Unfortunately, acting on the Earth element in the physical sphere is and always has been ultimately about labor. The Earth time of year is late summer, or harvest time. For agrarian cultures, the harvest is the busiest time of year, with work from sunup to sundown. In our modern, work-averse culture, you could hardly offer a less appealing cure. The saving grace is that the harvest is about joyful labor -- the more work there is, the better supplied you'll be in the coming winter, and the more variety and abundance of food you'll enjoy. We have become so far separated from nature that most of us never think about "the harvest;" it sounds quaint, provincial, old-fashioned. If we want something, we go on the Mighty Internet (created by brain power), order something from Amazon (created by brain power) and wait expectantly for our package to arrive. "The harvest" has nothing to do with it. Moreover, the Mighty Internet allows us to live almost completely separated from Nature and from each other. This allows us to have sweet, sweet instant gratification of our earthly desires, but causes big problems in the long run. Amazon destroys decent paying retail jobs and turns retail clerks into warehouse wage slaves, barely able to make ends meet and anxiously awaiting the arrival of the thinking machines that will take their jobs. And all those FedEx flights and UPS truck trips contribute to climate change, which is changing living conditions on this actual, physical planet where we live. You know, the Earth. So in return for avoiding work and receiving instant gratification we contribute to the destruction of our home world. "It seemed like a good idea at the time," may well end up being the whiny excuse for how humans made the Earth uninhabitable.

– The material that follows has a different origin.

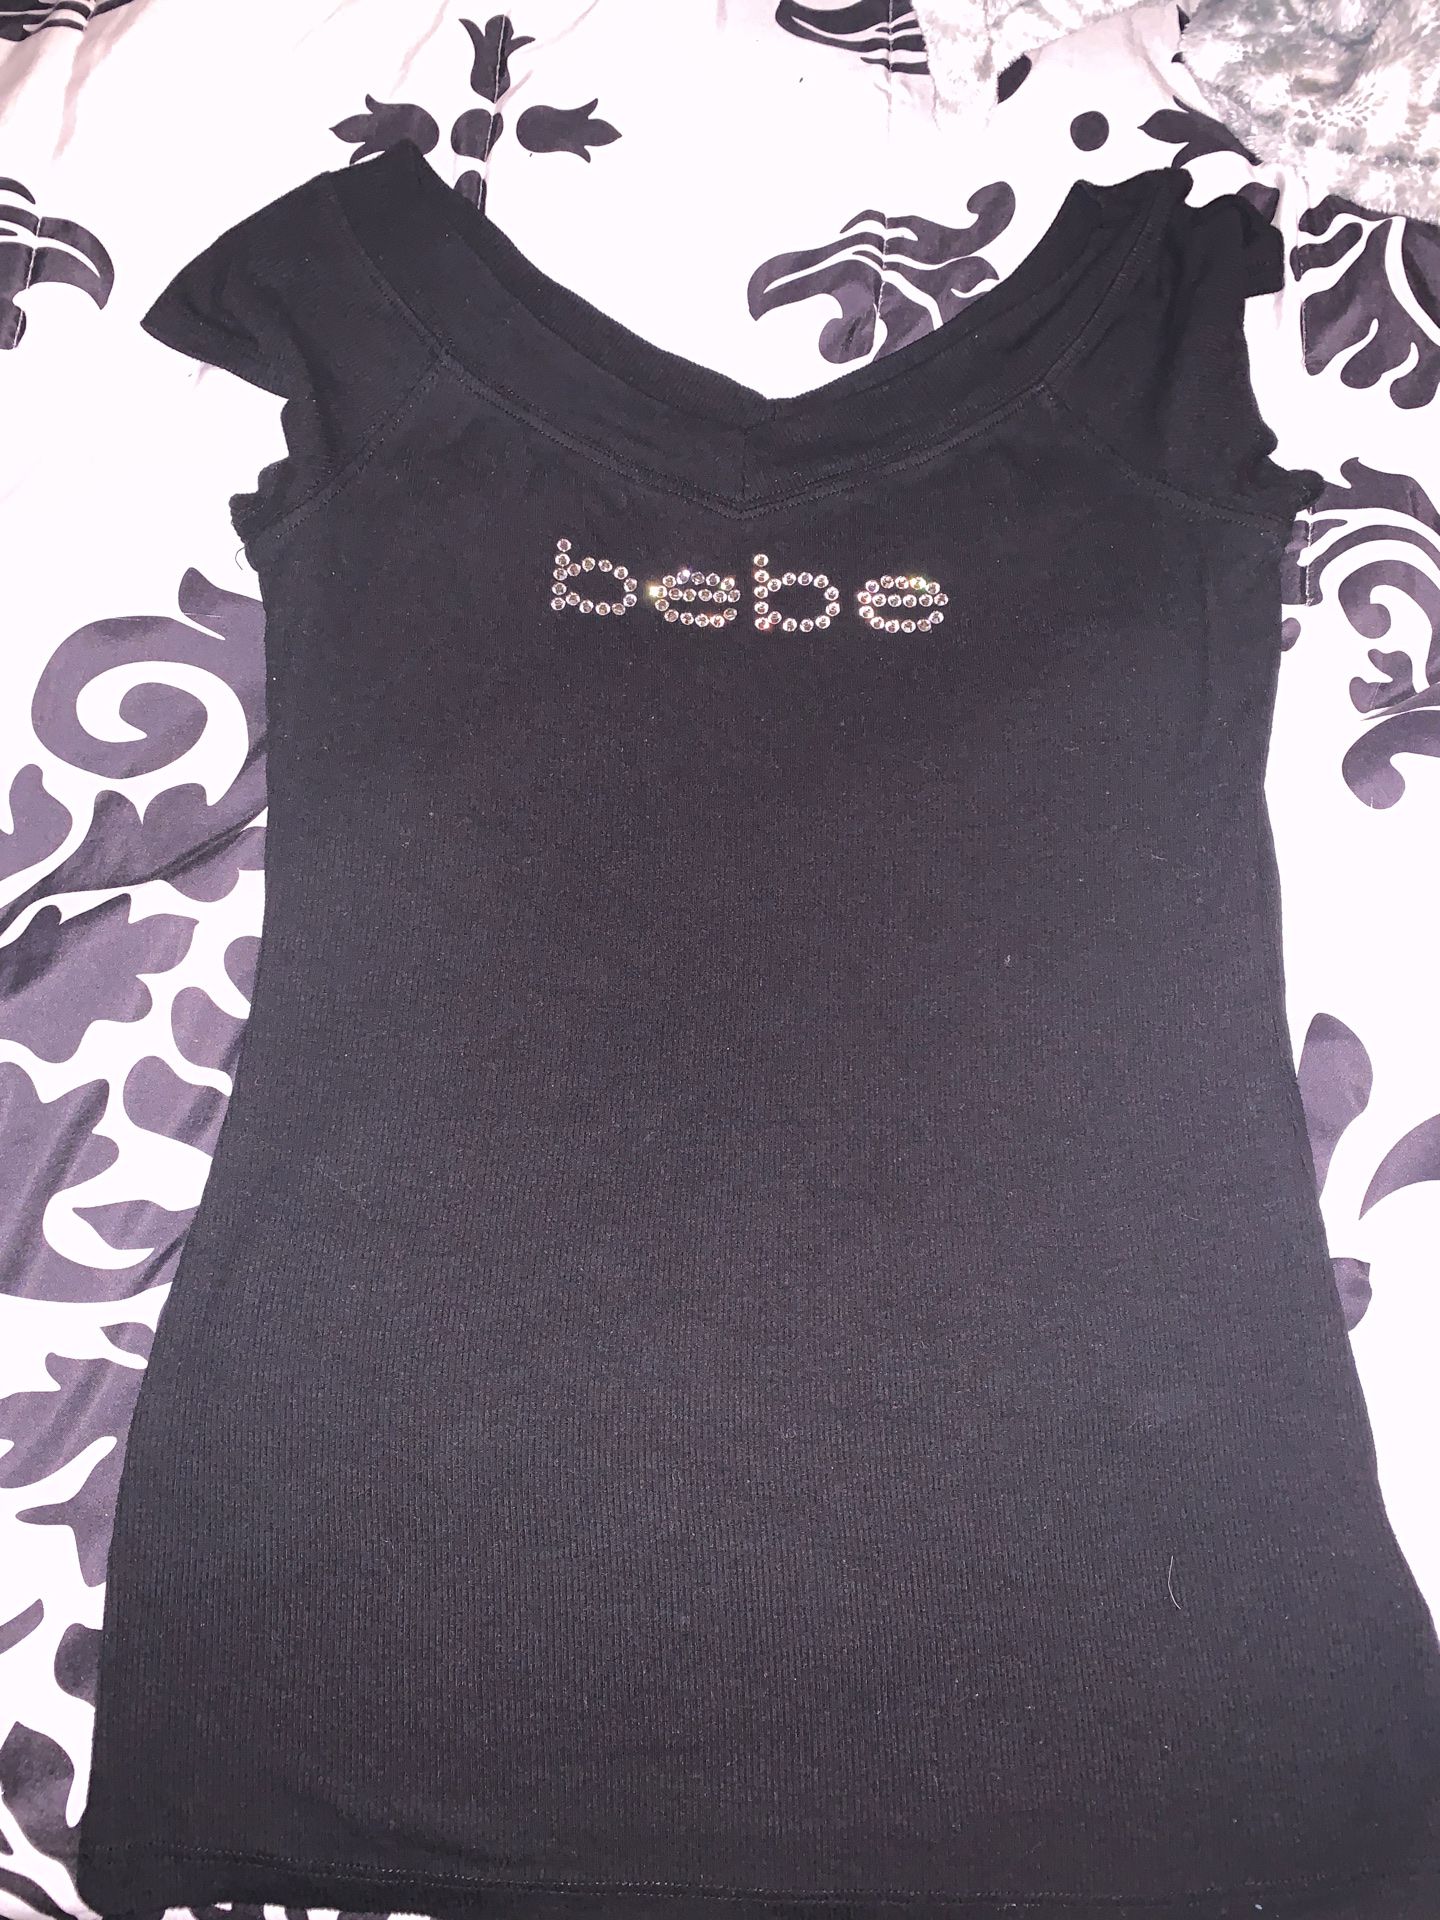 Large BEBE shirt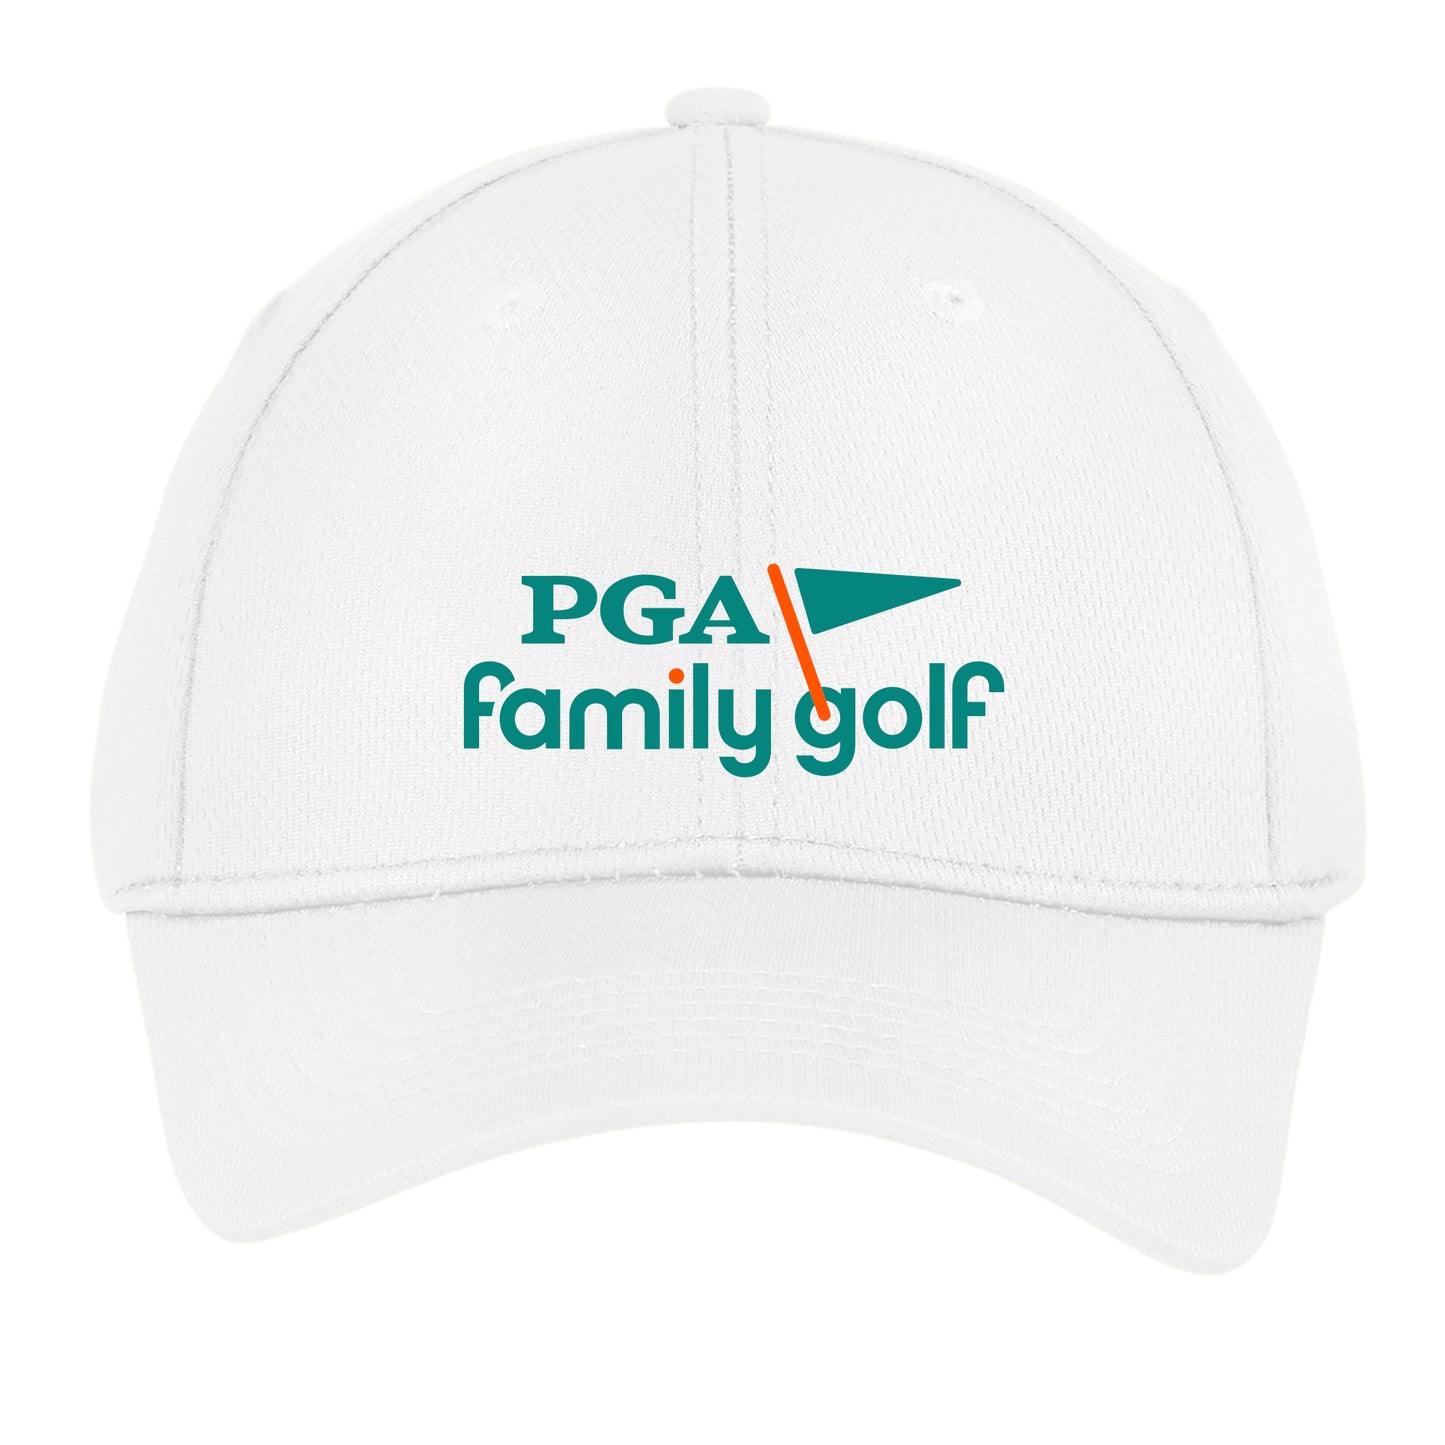 PGA Family Golf Youth Baseball Cap - White

Some "visionaries" say we have to colonize the stars if we intend to survive as a species. This is one of those far-fetched ideas that really cerebral people come up with, like the multiverse, when their education, experience and imagination fail to point out a simpler possibility. That is, when their heads are in the stars and their feet aren't on the ground. The problem with the idea of interstellar colonization is that we are sure to do the same thing to every other "earth" we inhabit. If we can't learn to respect the physical and to accept its limits here on our home planet, the universe is probably better off if we just go ahead and die off. Something better may or may not come along to replace us, but the prospect of humankind continuing on its current path and creating a legacy as "the greedy planet-destroying species" would be a tough pill to swallow. All because we couldn't curb our appetites and didn't want to work.